If you live in Southern California, you probably think of “The Huntington” as an amazing botanical garden and art museum. If you live outside SoCal, you probably don’t think of it at all.

Unless you’re an academic. The full title begins with “The Huntington LIBRARY…” and it is a research institution as well an incredible (non-public) resource for rare historical material of all sorts as well as more modern stuff, like Octavia Butler’s papers. There’s a point here, I’m getting to it.

The Huntington podcasts lectures by its distinguished visiting scholars, and they often show images (which you can’t see on a podcast of course).
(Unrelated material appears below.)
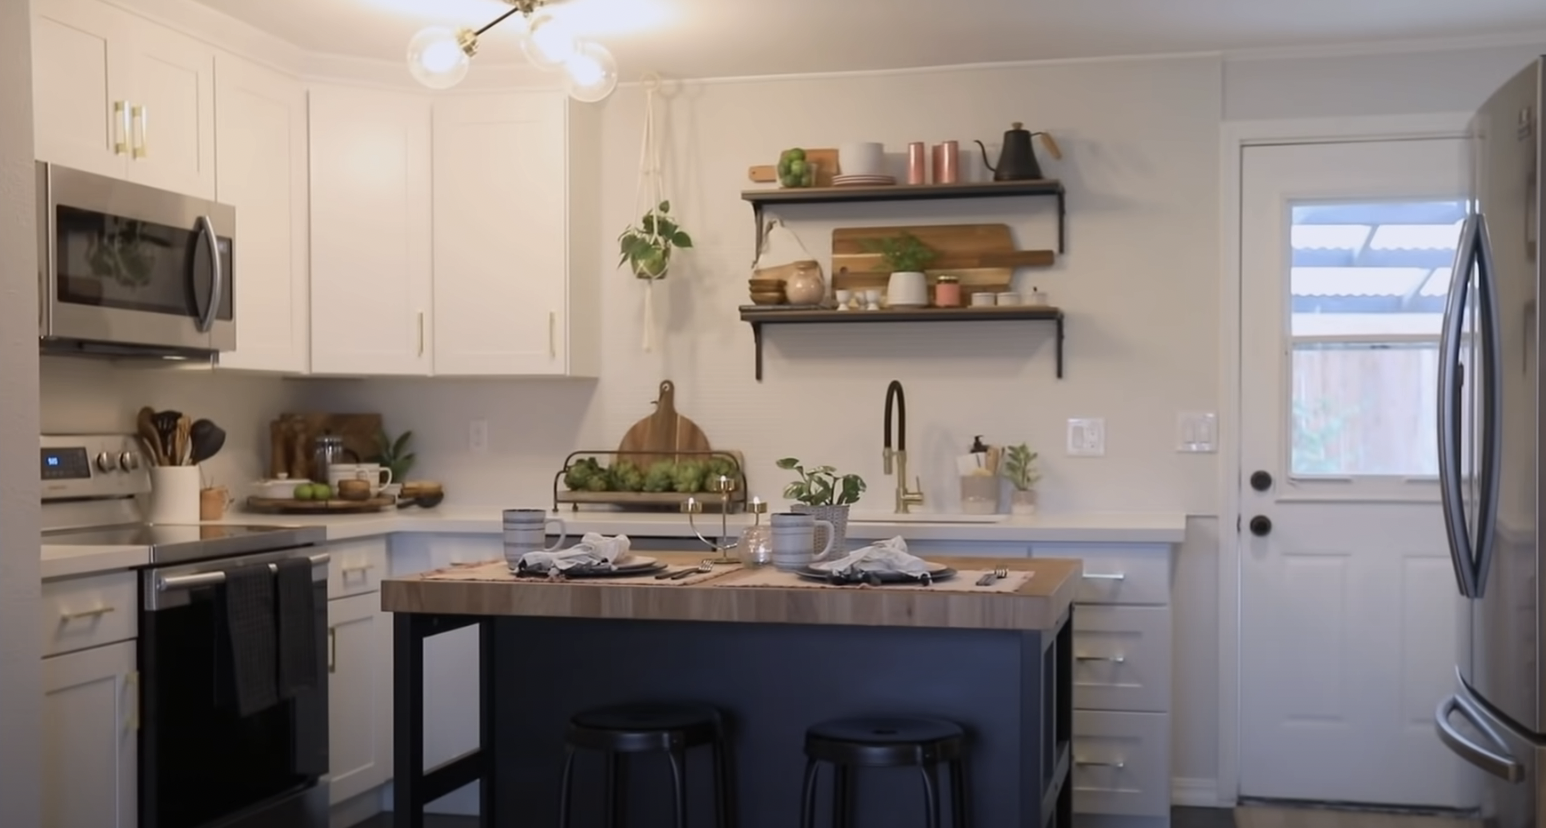 A kitchen designed by Lyndsay and Leslie, including white cabinets and a navy blue island with butcher block countertops

I just listened to one in which the speaker remarked, “This image is from a book in the Huntington collections, but it was easier for me to find it online than get it scanned here.”

Point being, even historical treasure troves of books are sometimes less useful for distinguished academics than teh Google.

I love books and I think it’s very important to preserve old and rare books especially, but I’m phlegmatic about the changes. I do love to read a real book rather than a screen, and my daughter is the same though she’s now into YA rather than picture books.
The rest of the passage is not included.